__Exercise brief__. Only the lines from the one bearing "audio video production" through the end of the listing belong in your response, restated word for word and without pictures.

__Information shown__.
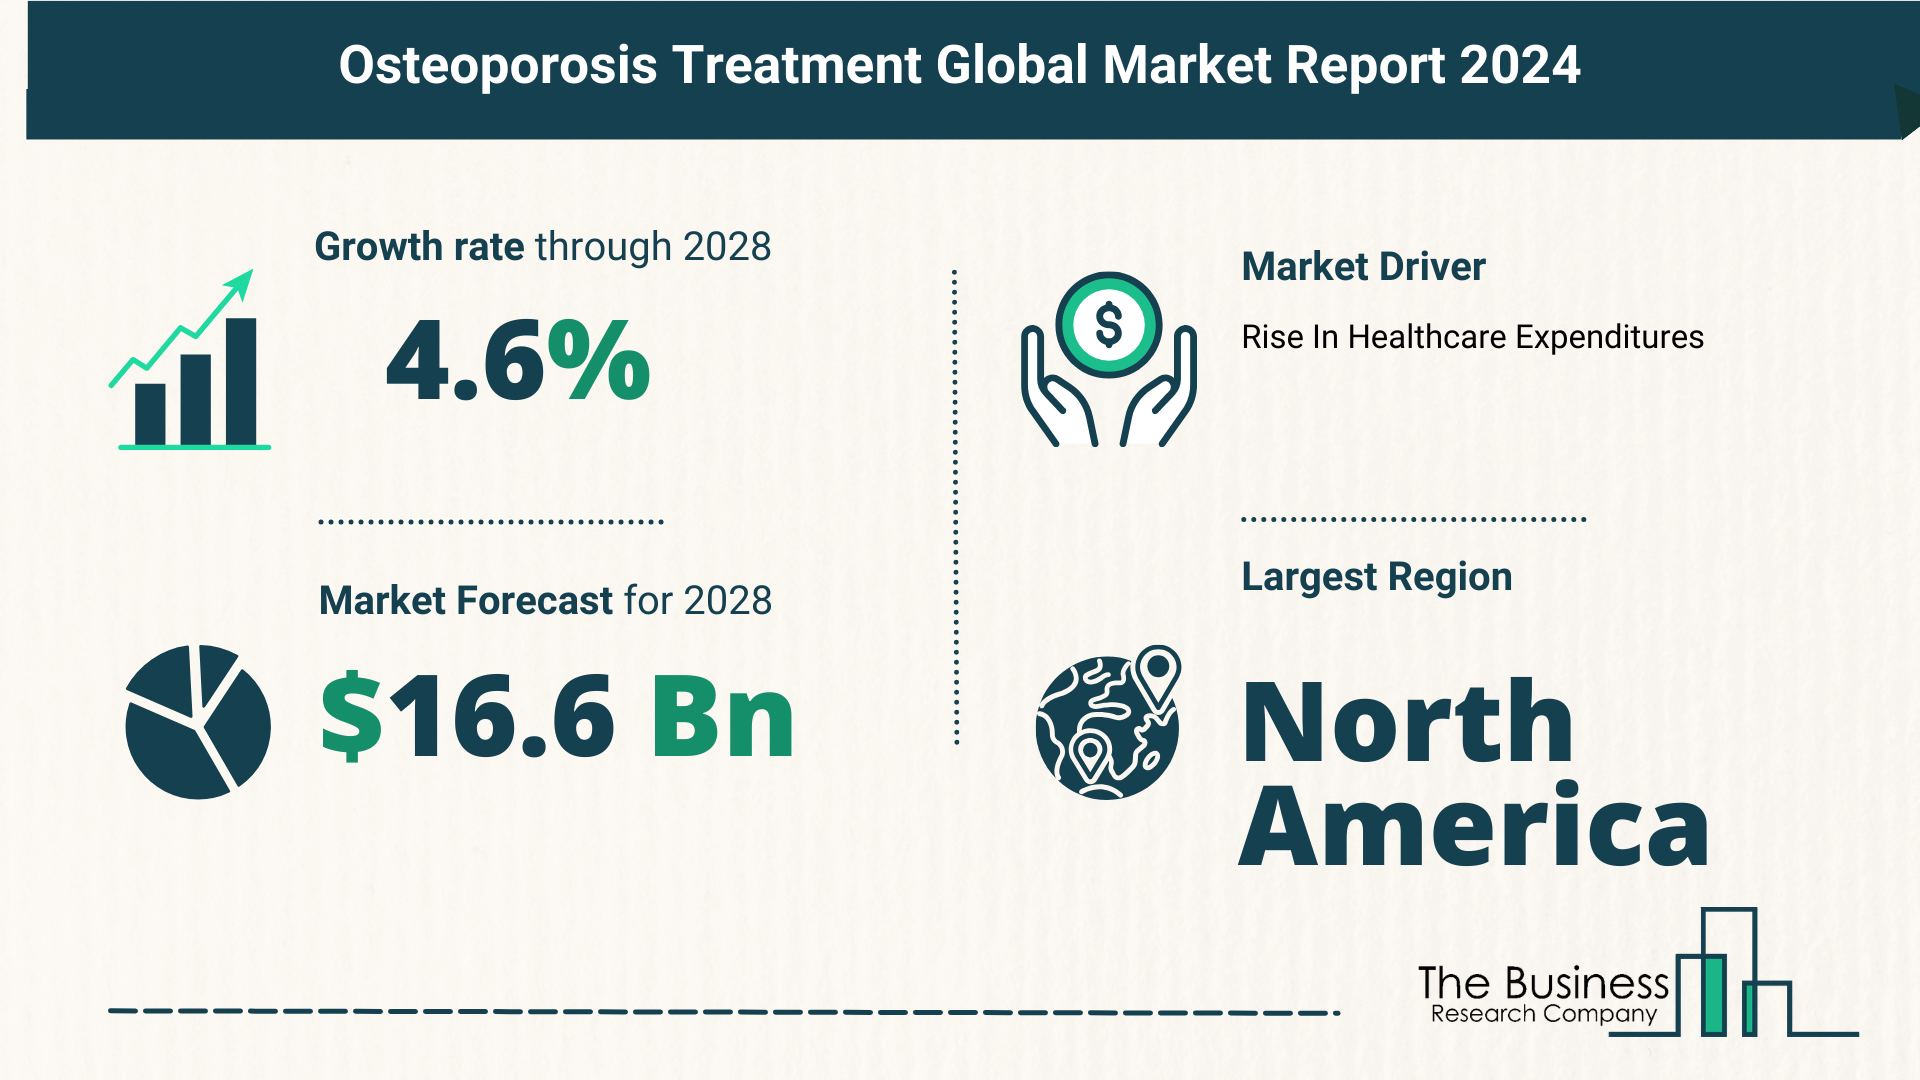 Global Osteoporosis Treatment Market
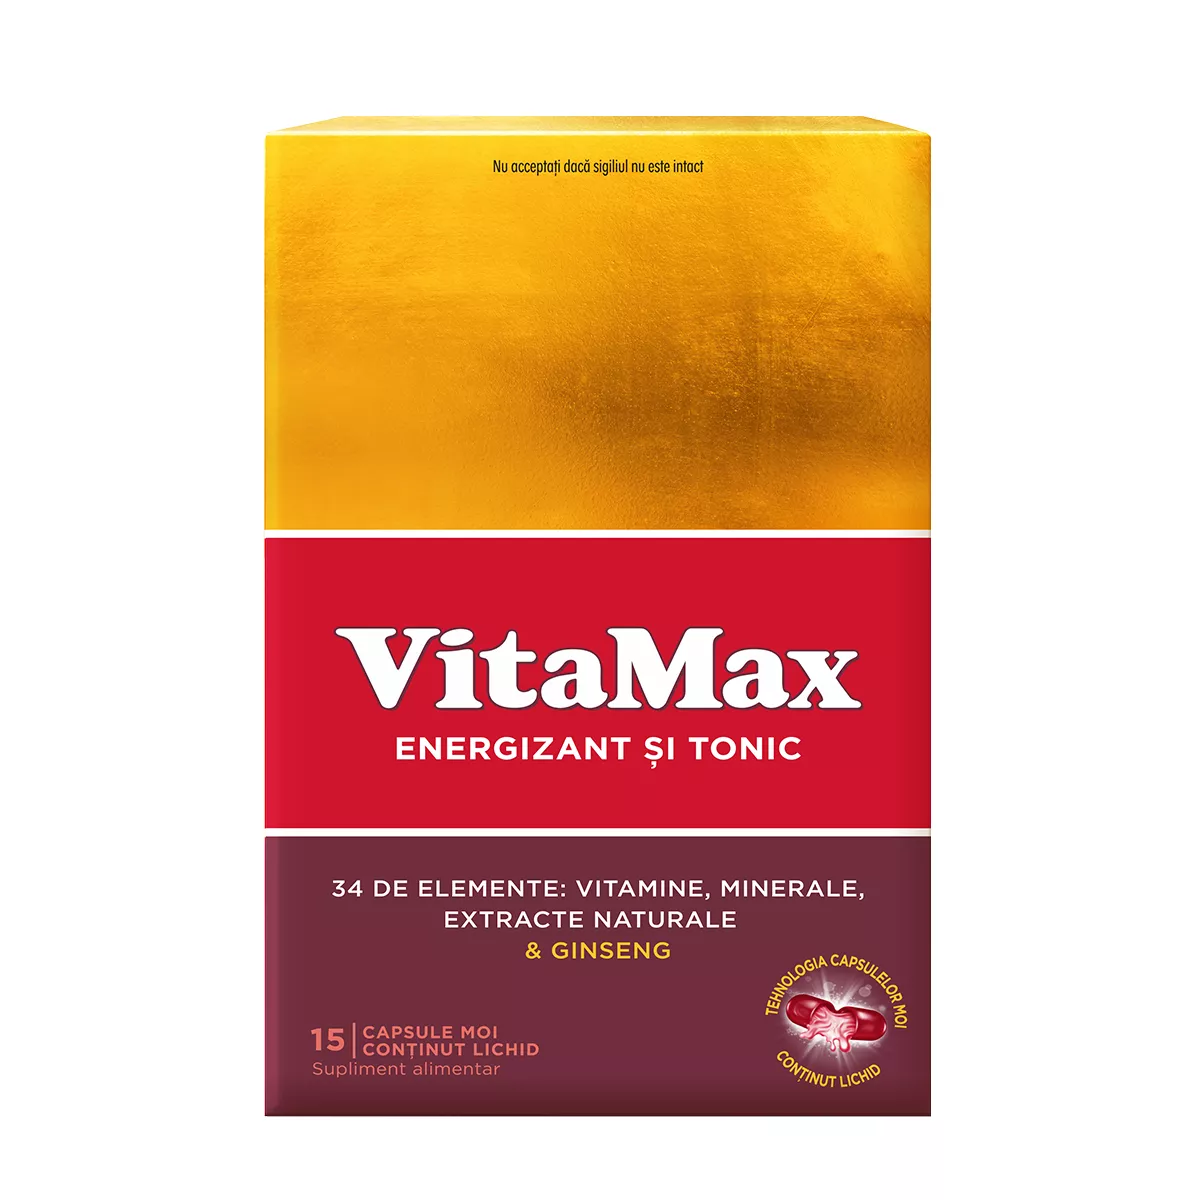 Vitamax x 15capsule moi, [],epastila.ro
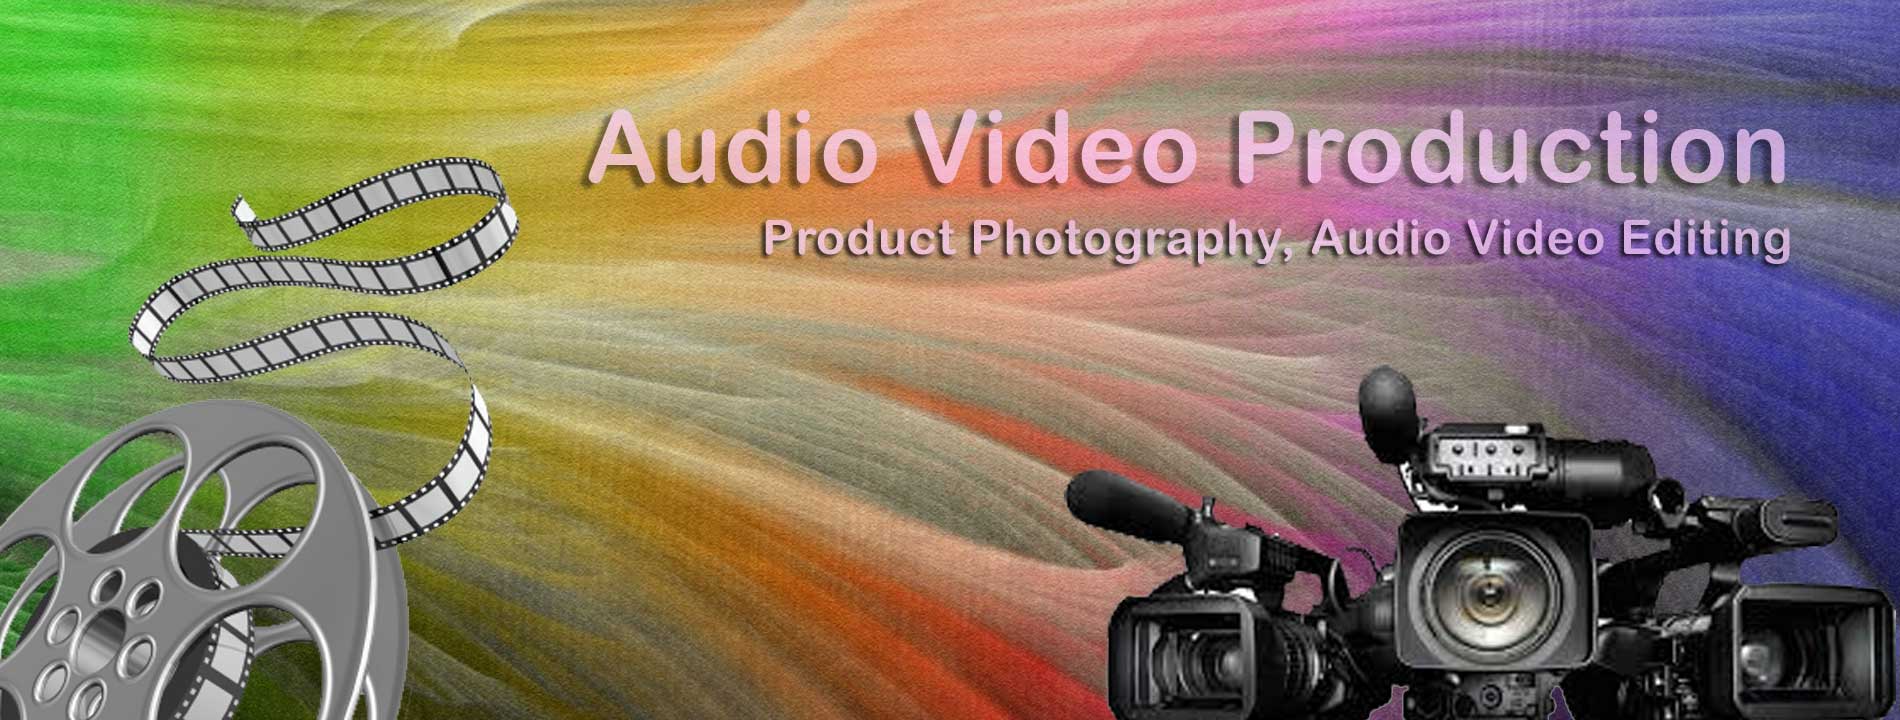 audio video production 
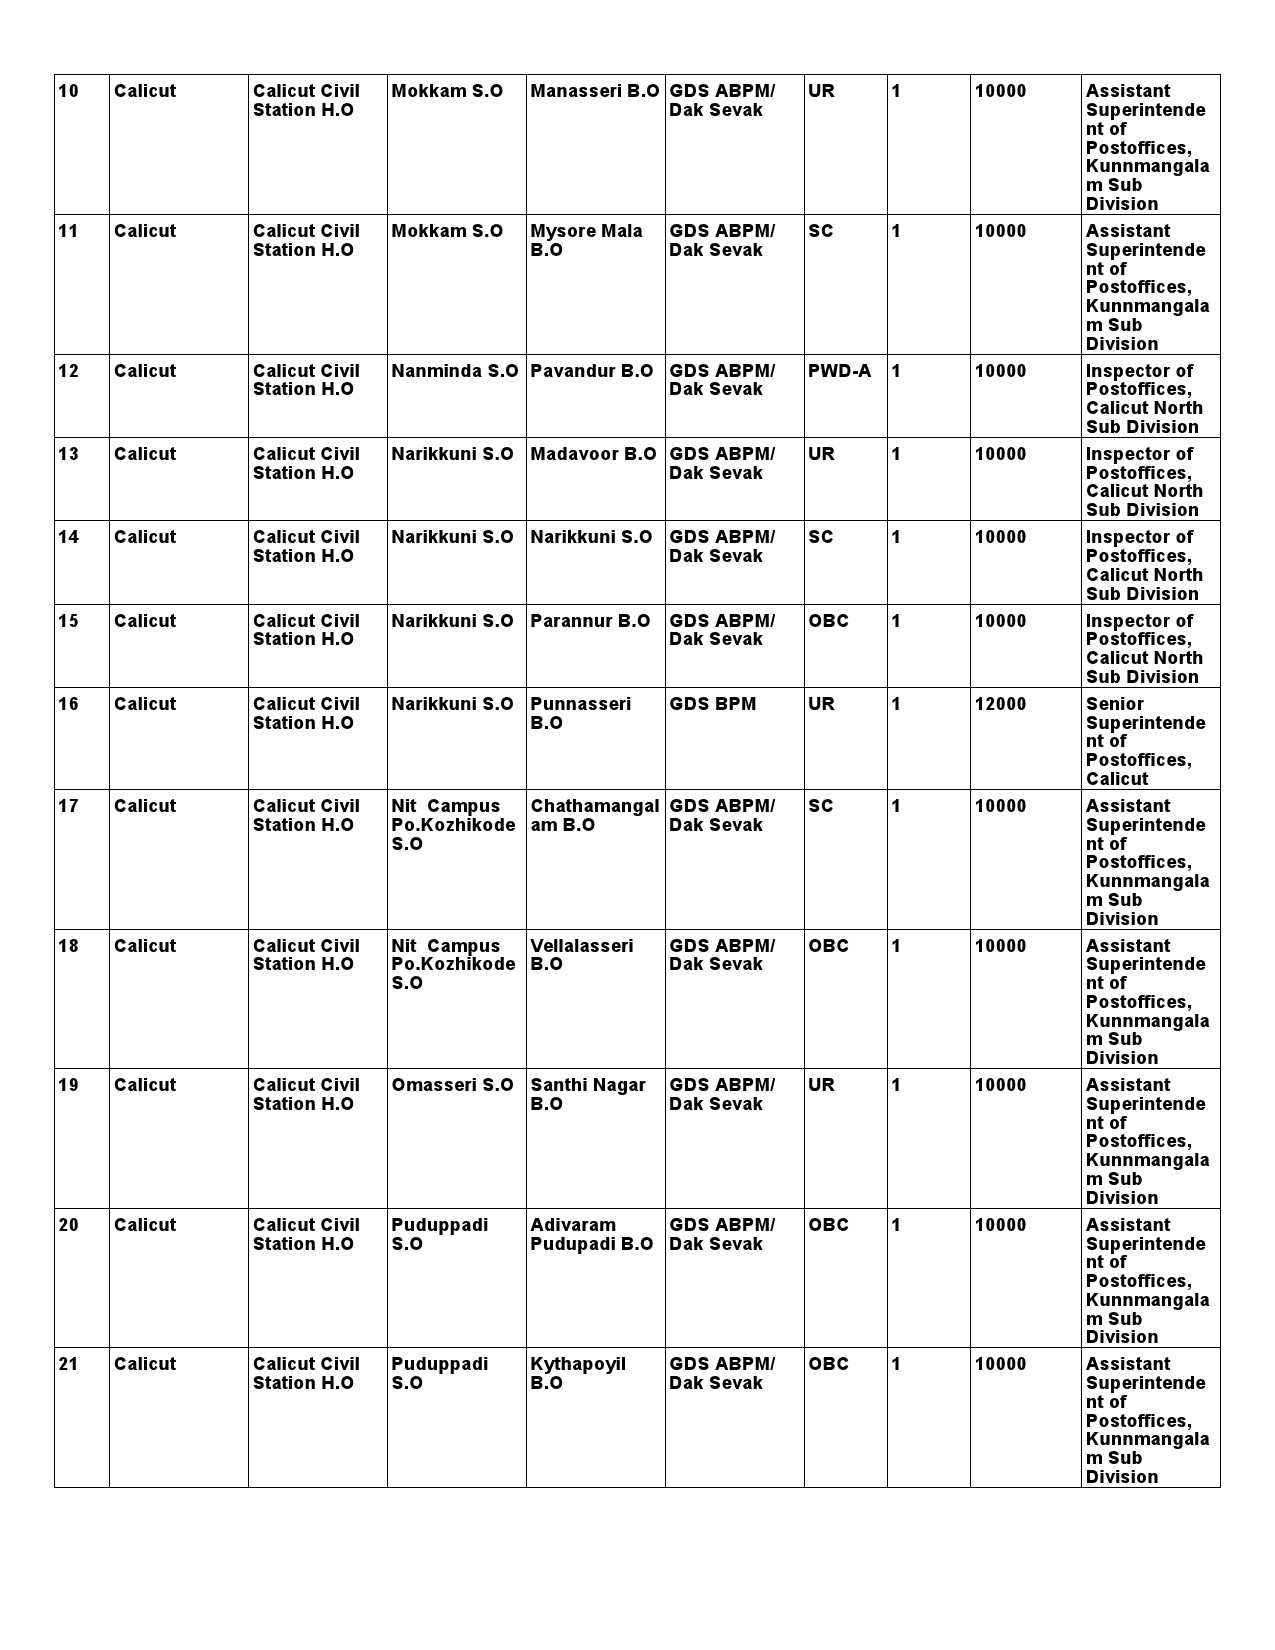 Kerala Postal Circle GDS Recruitment 2021 notification - Notification Image 16

__Exercise output__.
 audio video production 
 Kerala Postal Circle GDS Recruitment 2021 notification - Notification Image 16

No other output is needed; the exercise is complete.